§ Data shown:
↓↓↓

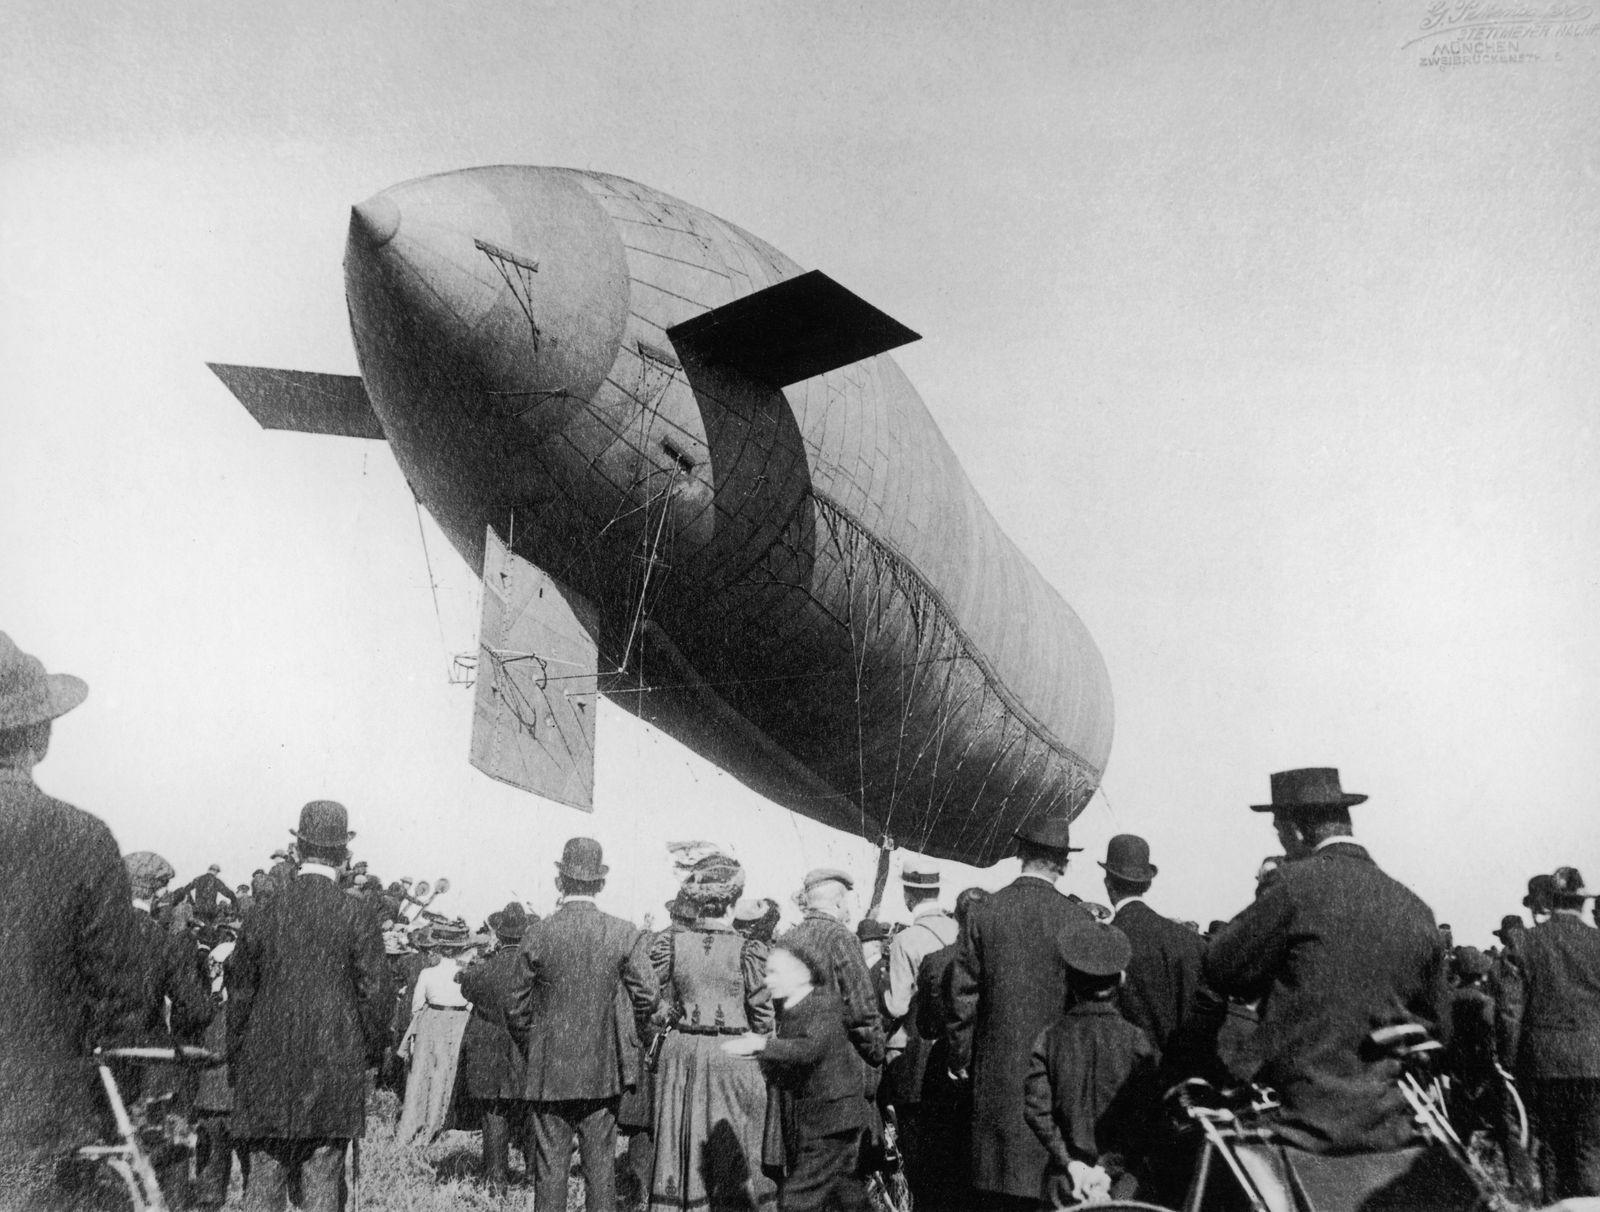 Airship landing in Munich
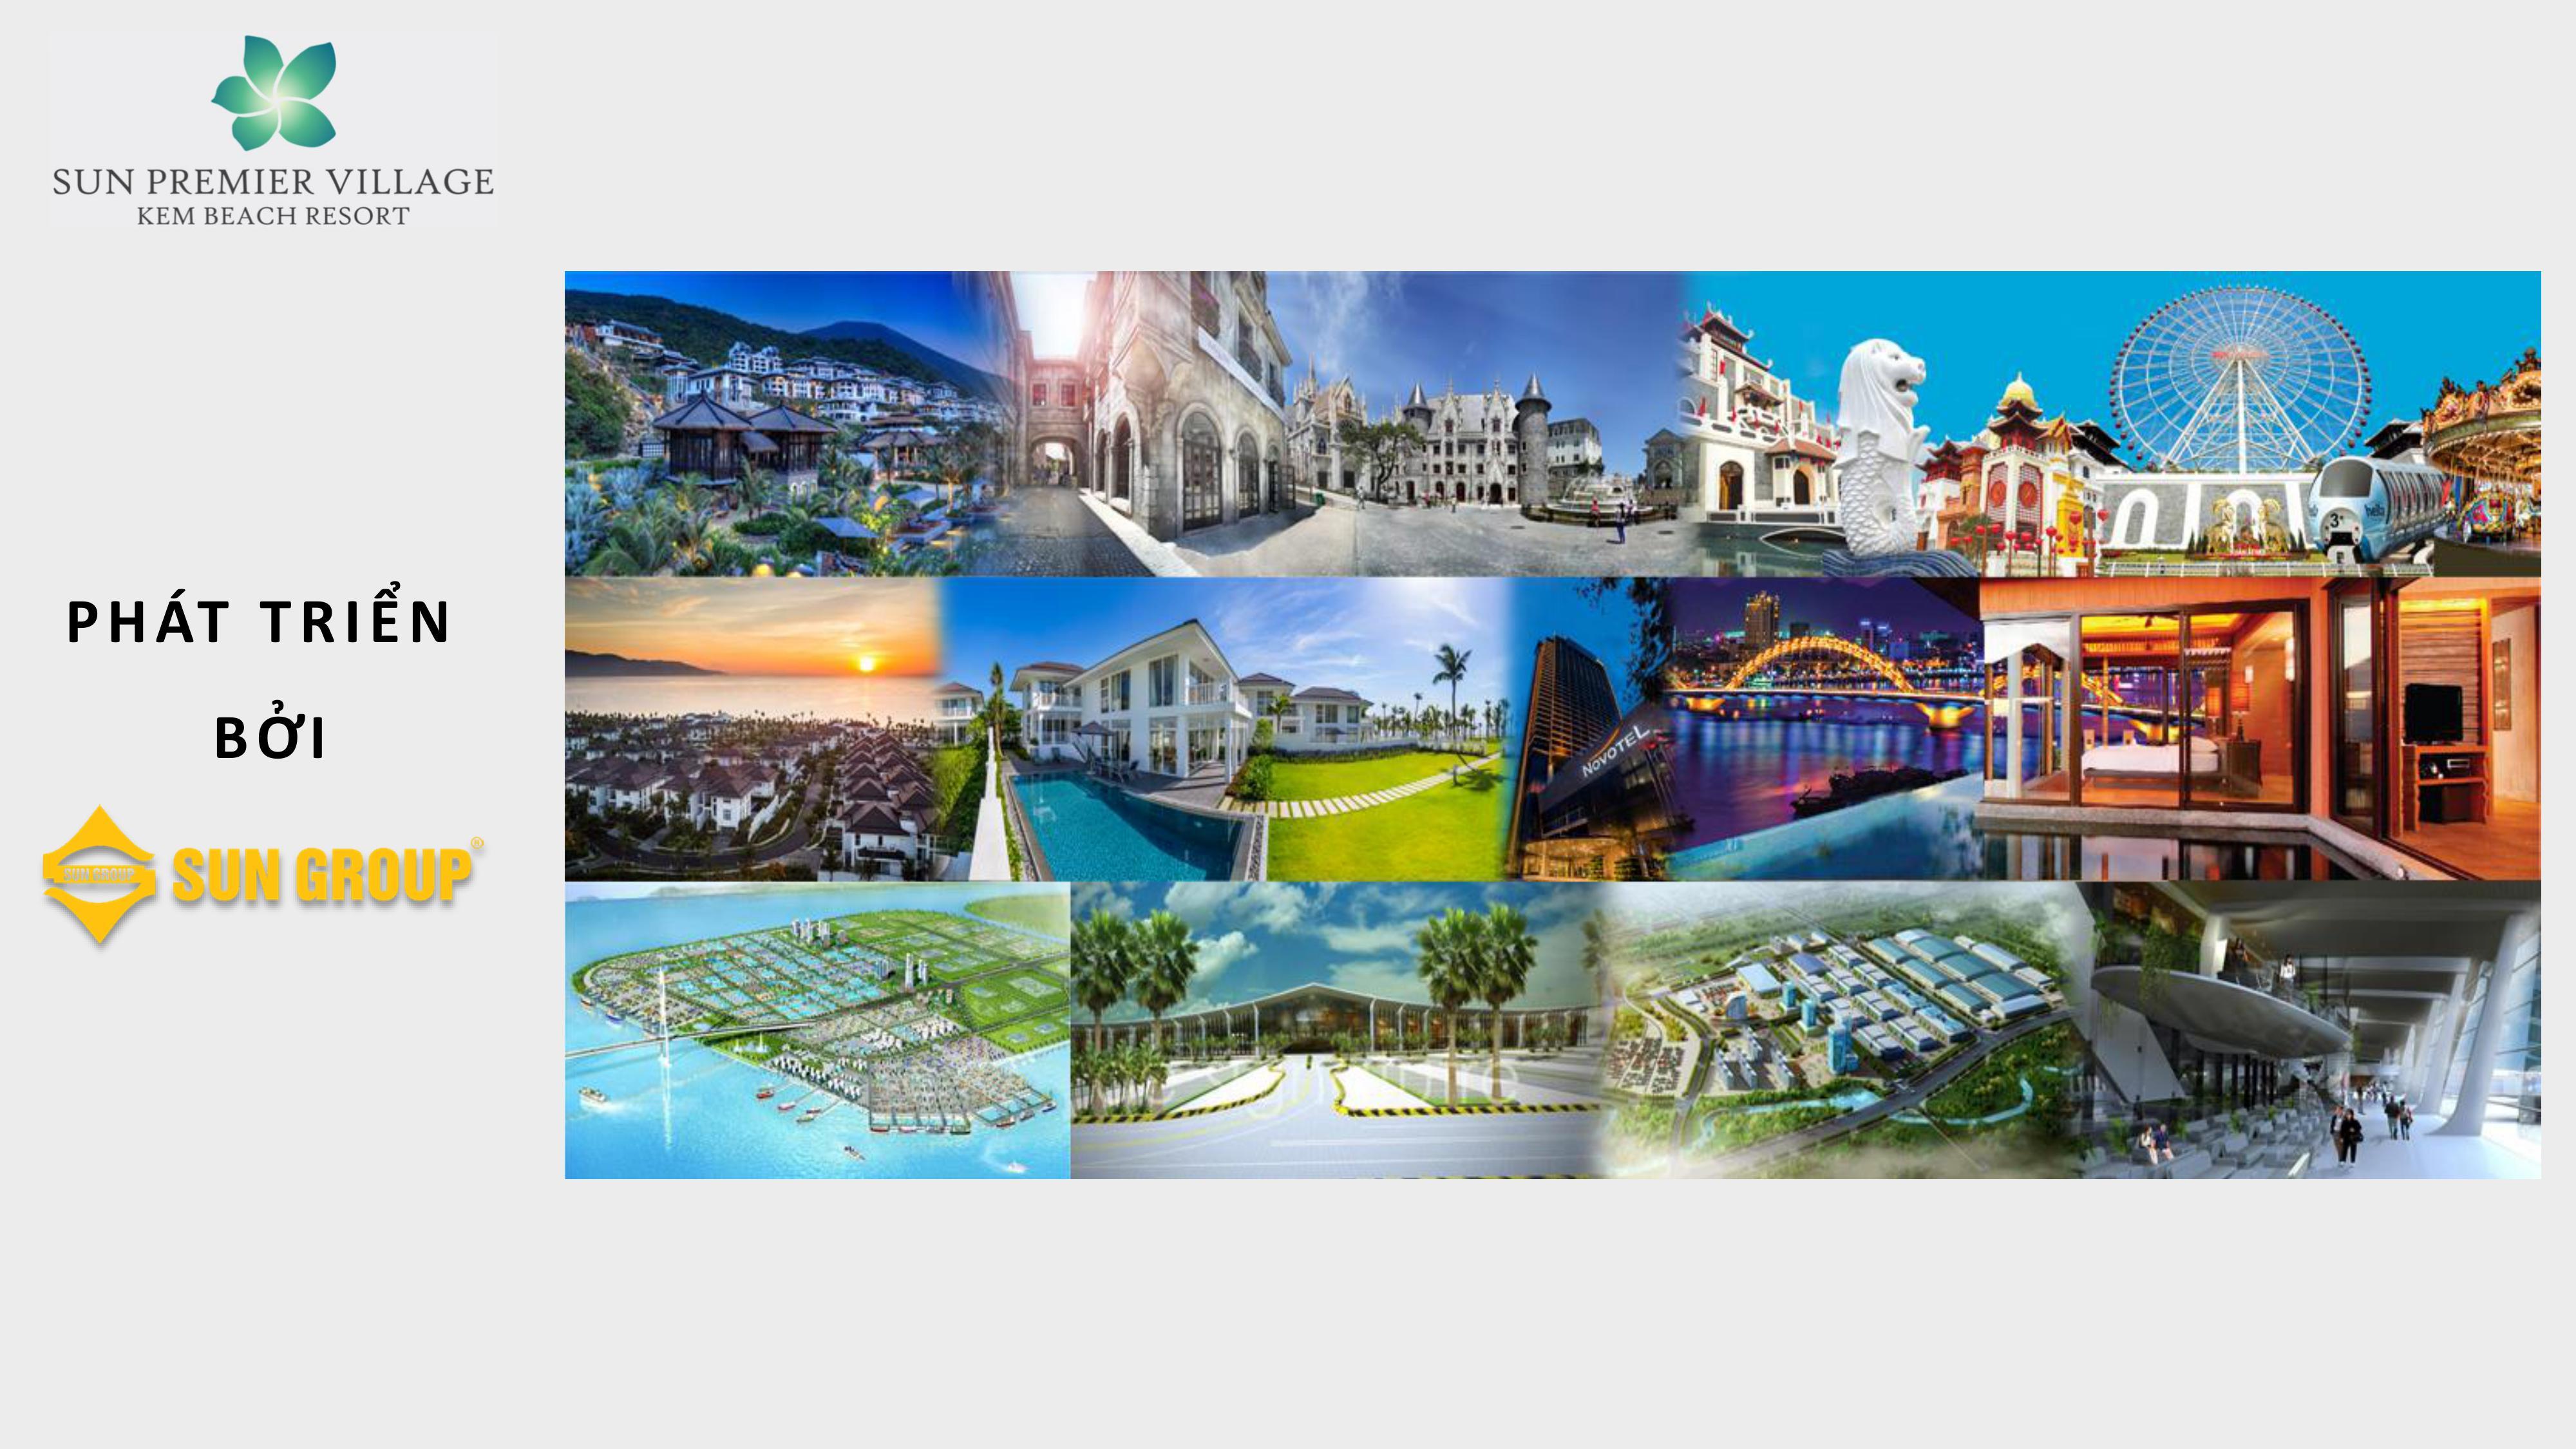 0029 - Rủi ro nào khi đầu tư vào dự án Sun Premier Village Kem Beach Resort?
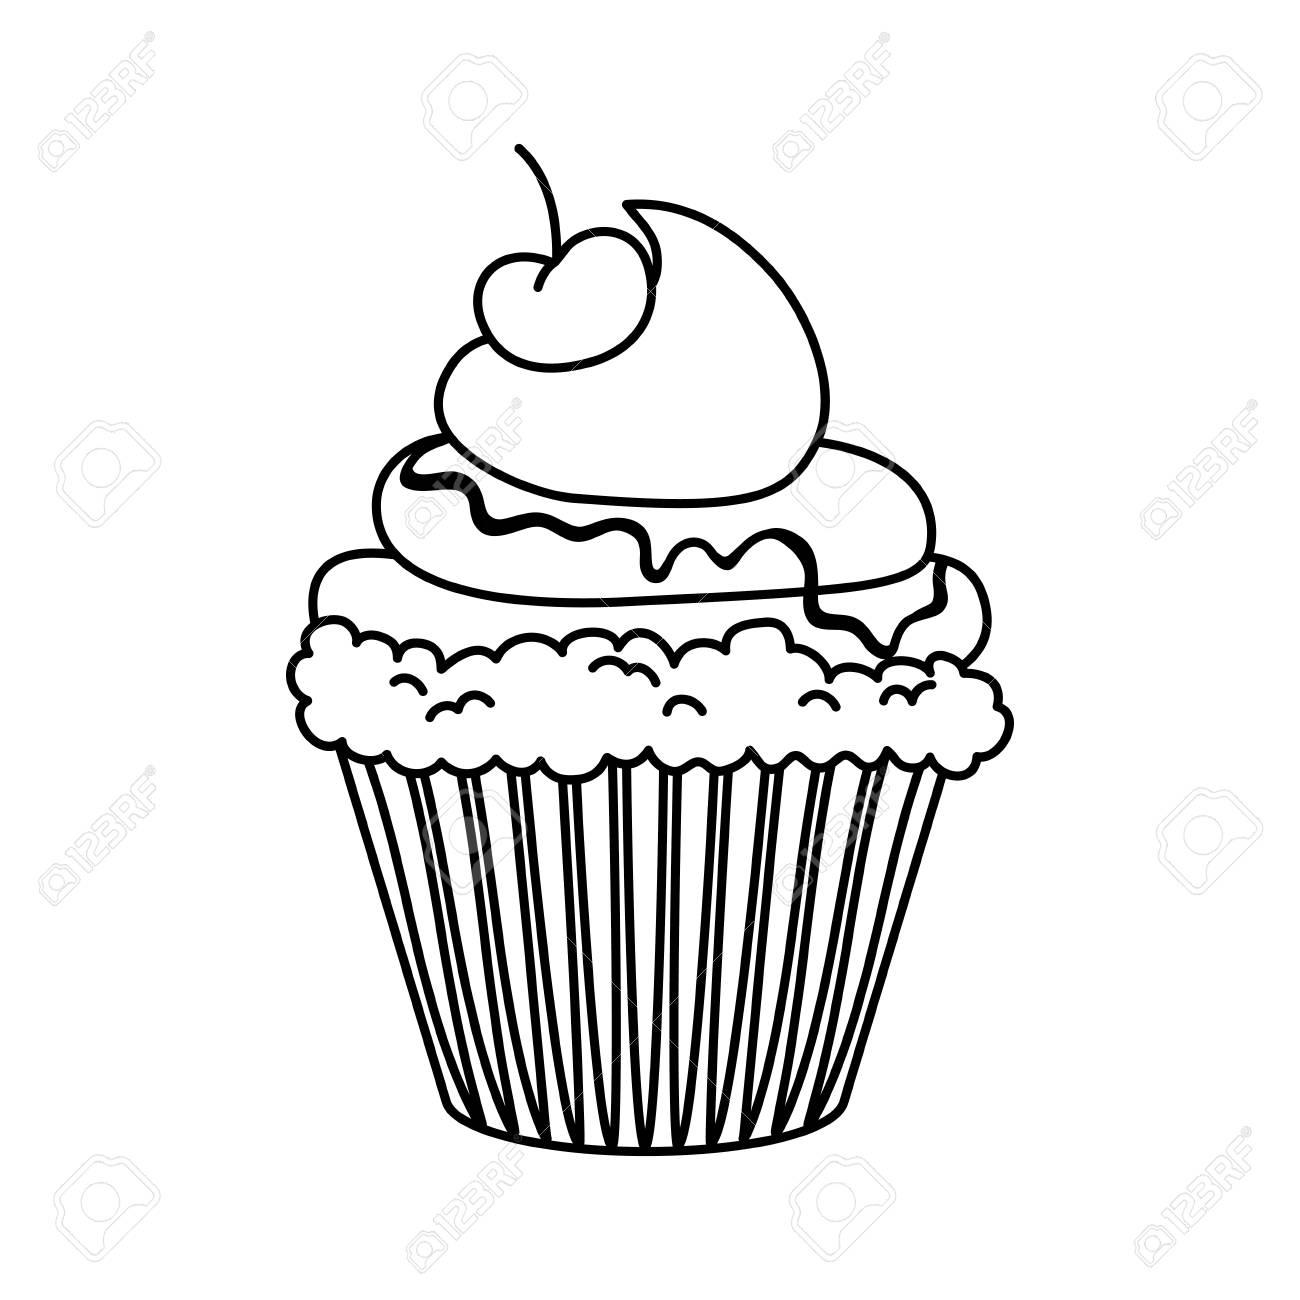 Kostliche Kuchen Nachtisch Symbol Vektor Illustration Grafik Design

↑↑↑

§ Exercise directions:
What is needed is an exact copy of all the data, with no images in it.

§ Response to this exercise:
 Airship landing in Munich
 0029 - Rủi ro nào khi đầu tư vào dự án Sun Premier Village Kem Beach Resort?
 Kostliche Kuchen Nachtisch Symbol Vektor Illustration Grafik Design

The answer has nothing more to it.